§ **Dataset section**
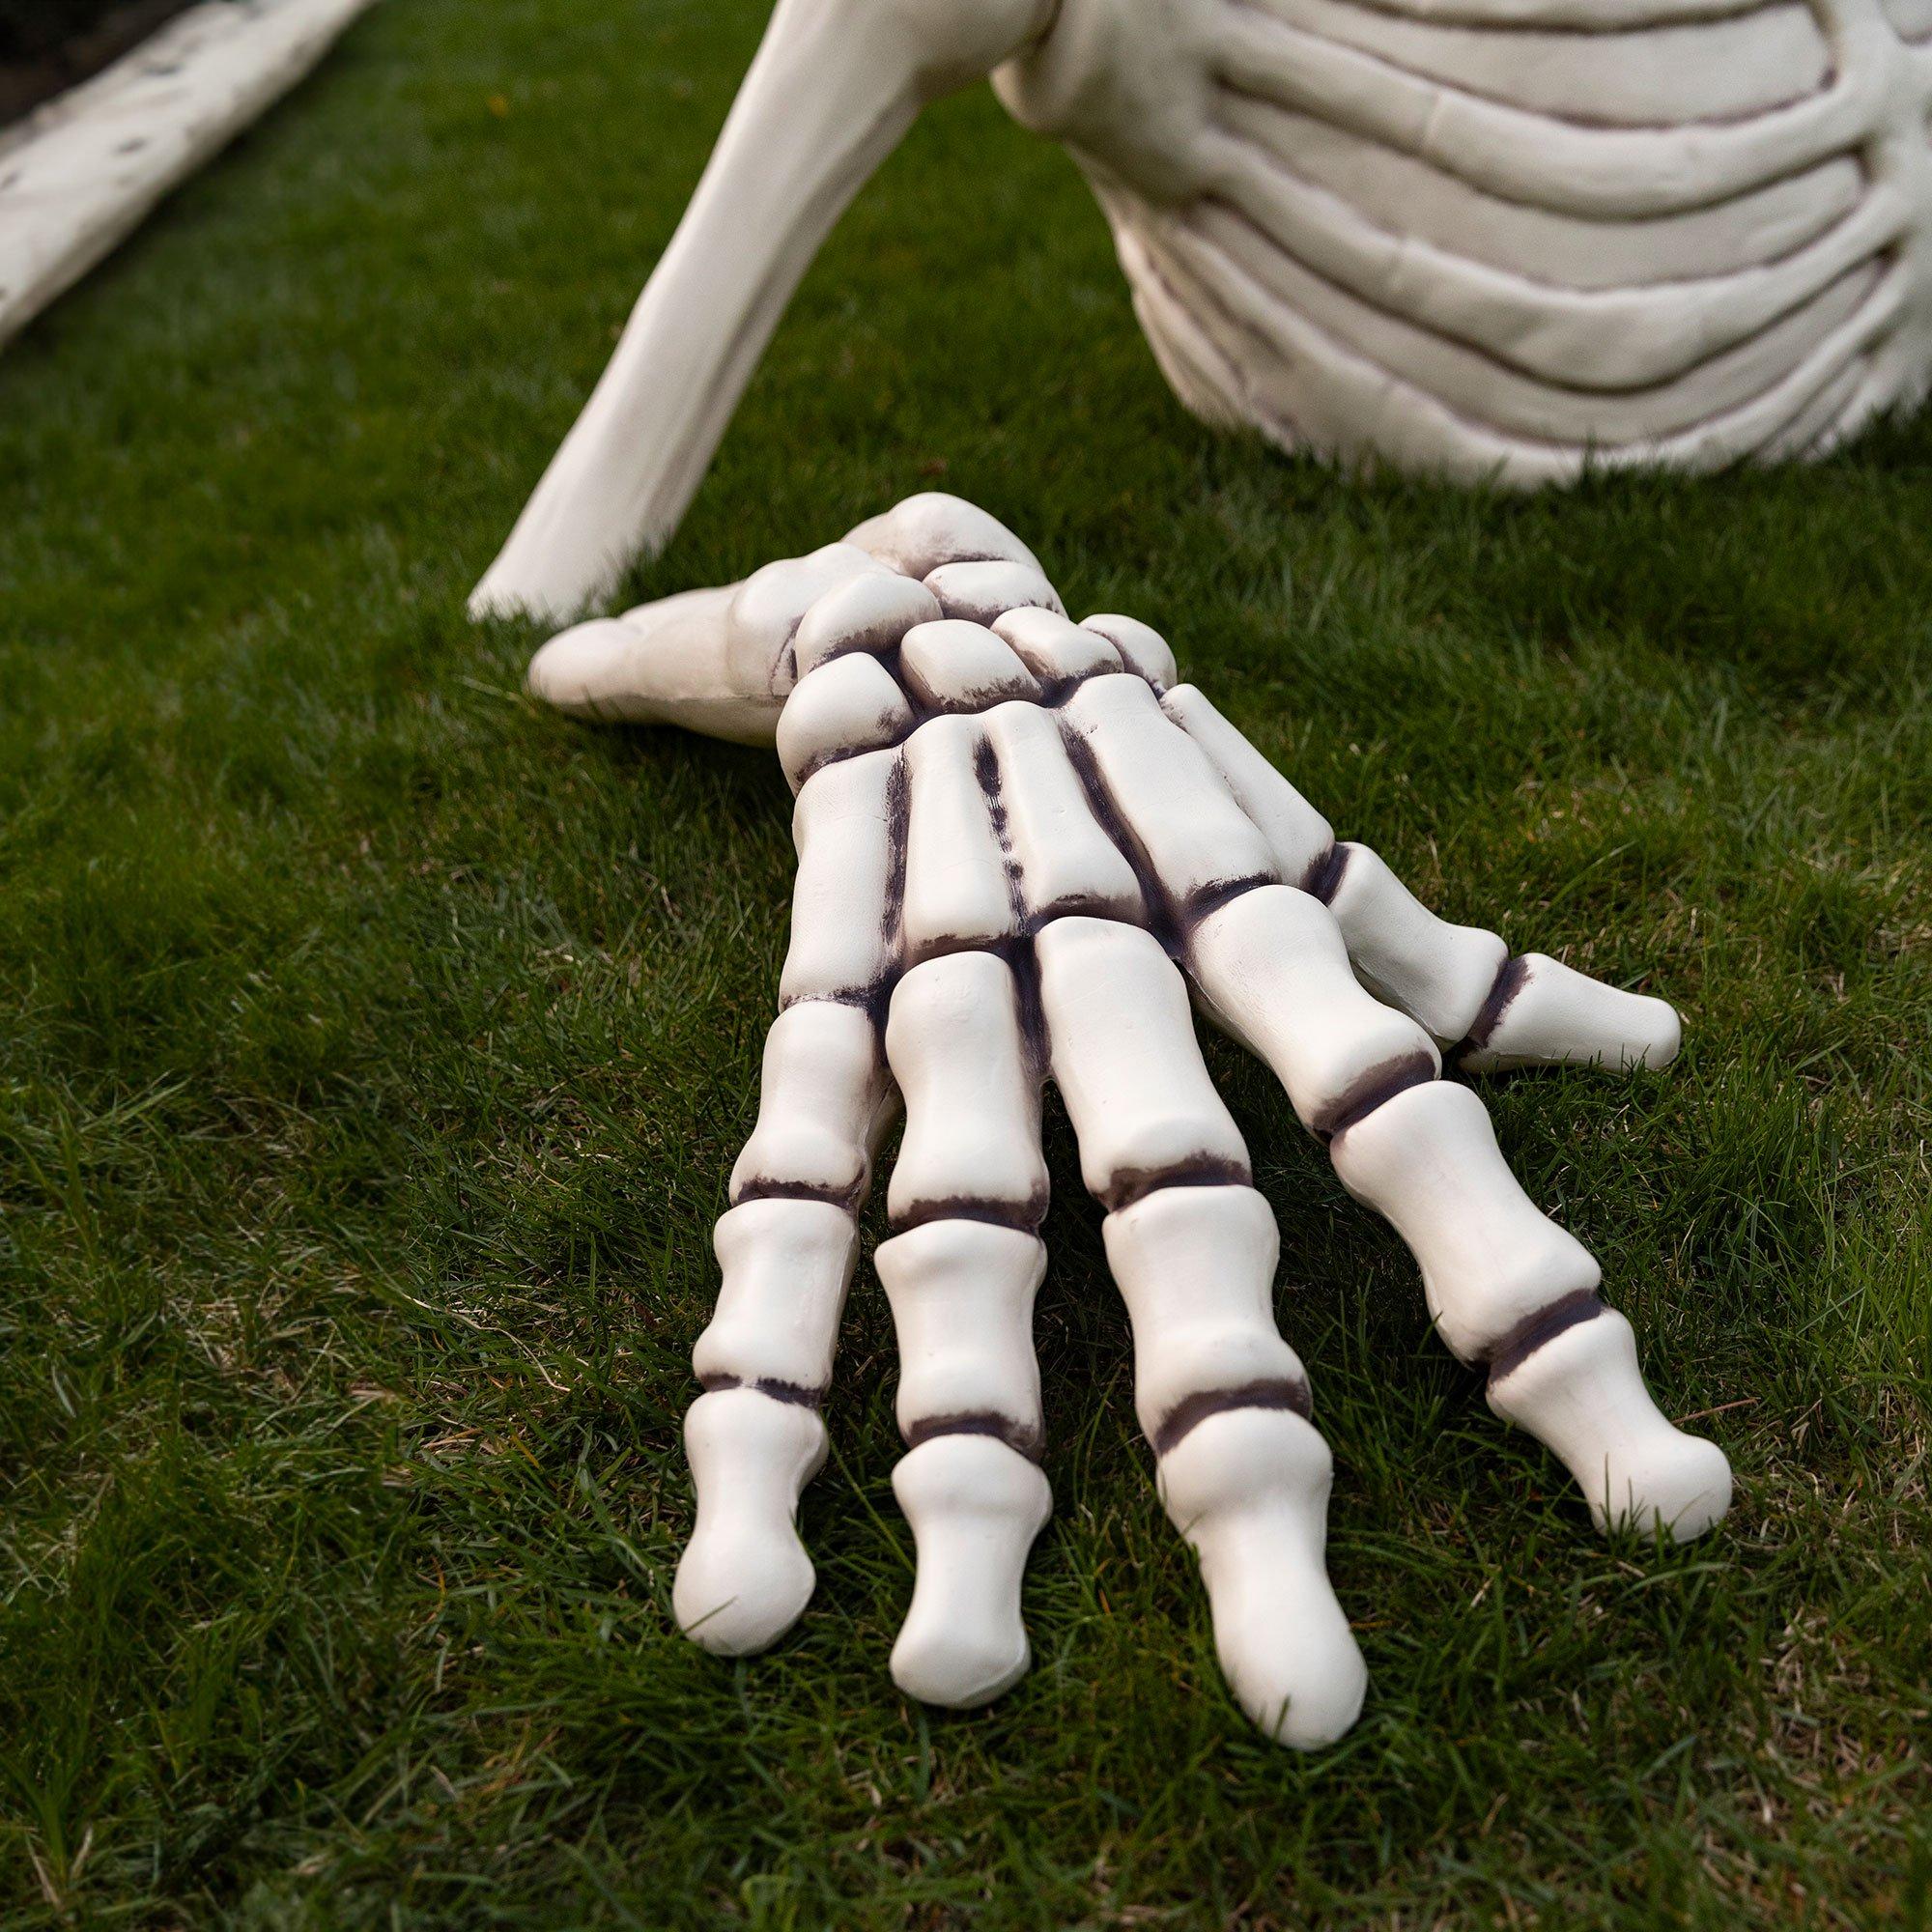 Giant Rattles the Groundbreaking Skeleton Plastic Yard Decorating Kit, 8pc
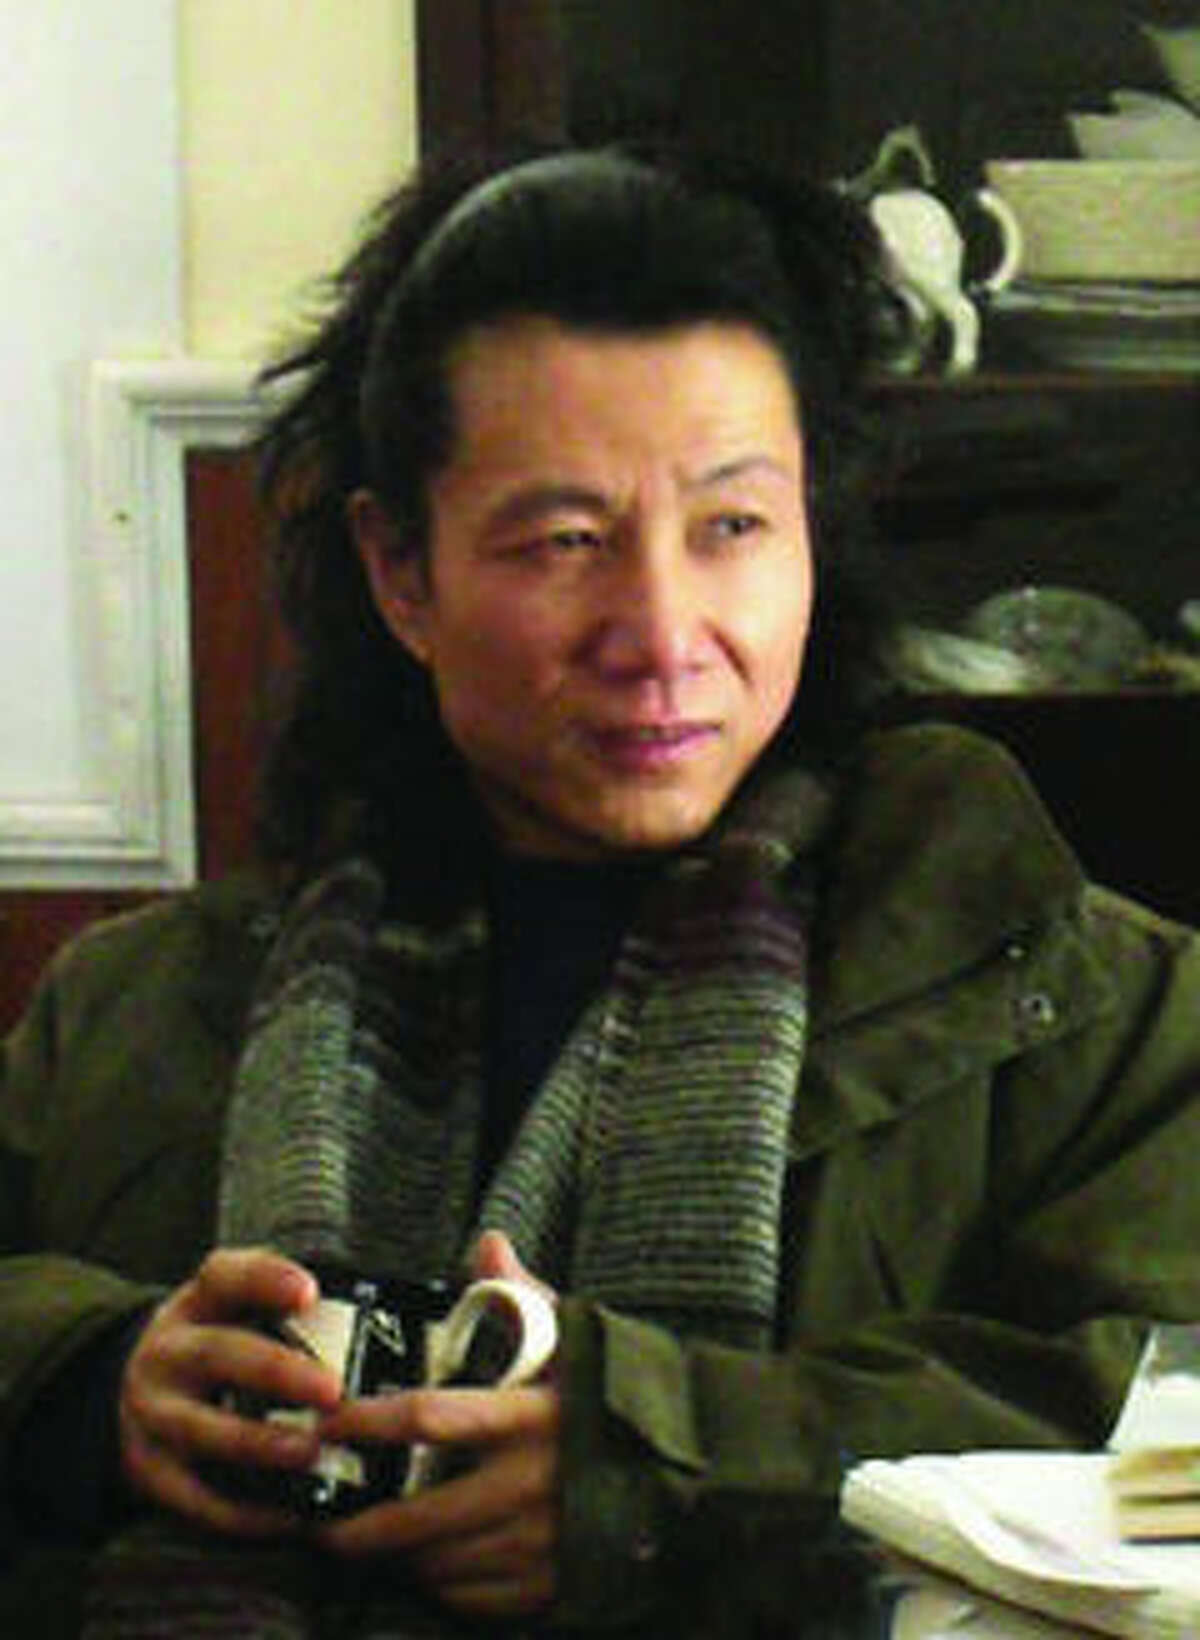 Artist Suikang Zhao
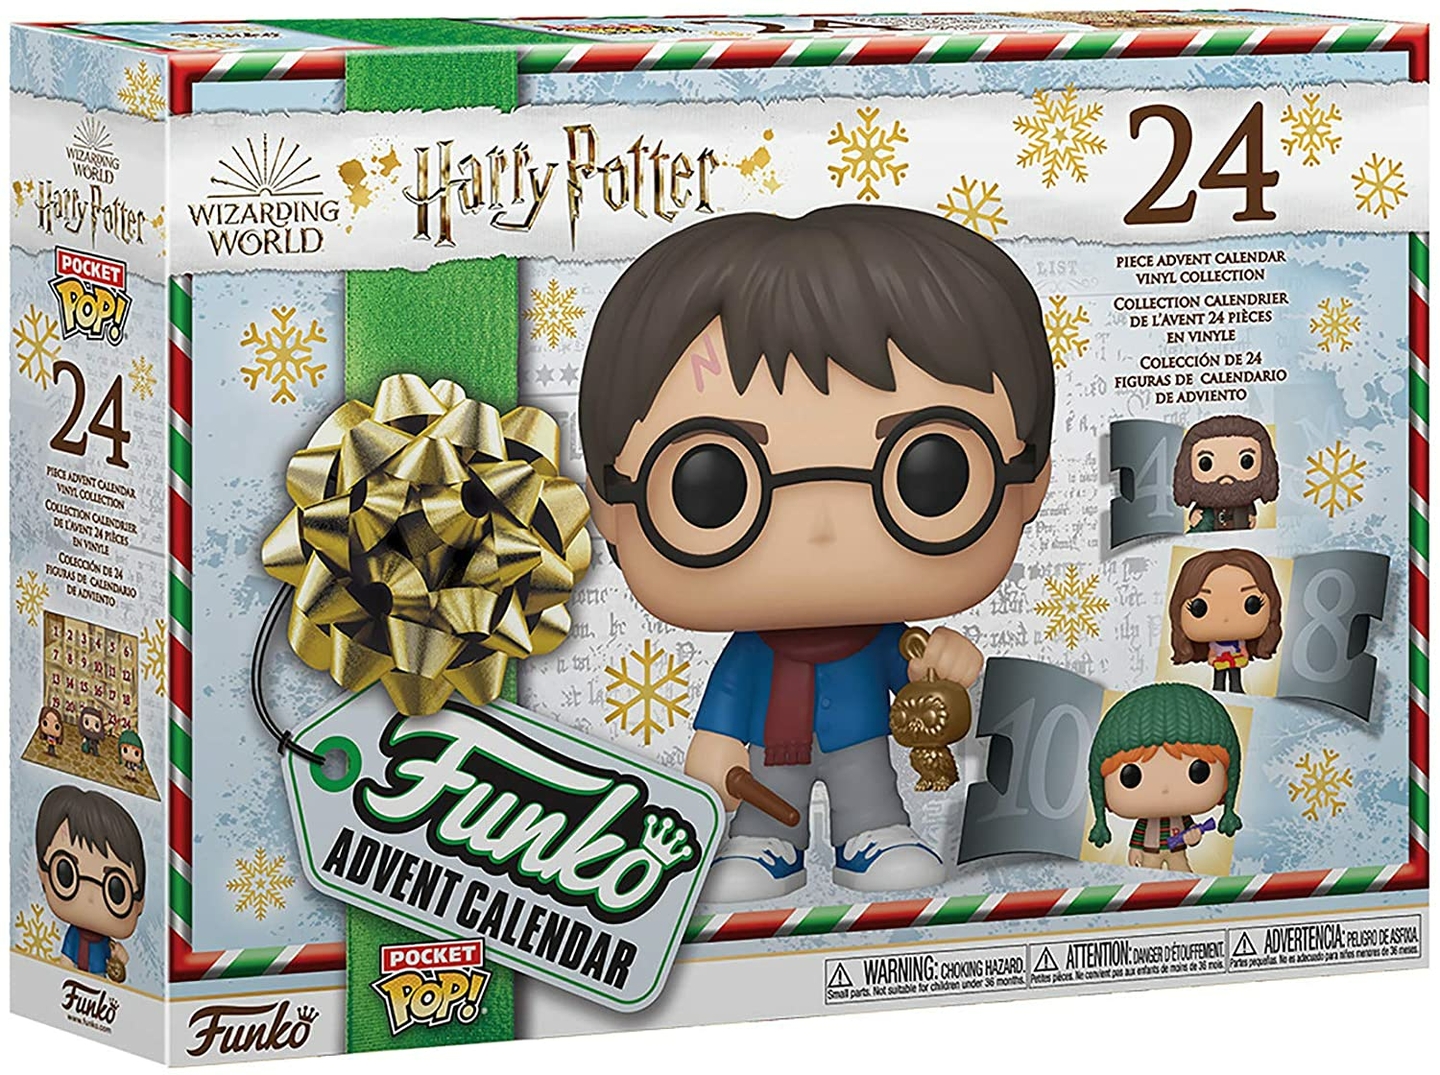 Harry Potter Pocket Pop Calendrier de l'avent 2020 "24 figurines"

§ **Task instructions**
Apart from the pictures, every line of the data above should be given again exactly.

§ **Response below**
 Giant Rattles the Groundbreaking Skeleton Plastic Yard Decorating Kit, 8pc
 Artist Suikang Zhao
 Harry Potter Pocket Pop Calendrier de l'avent 2020 "24 figurines"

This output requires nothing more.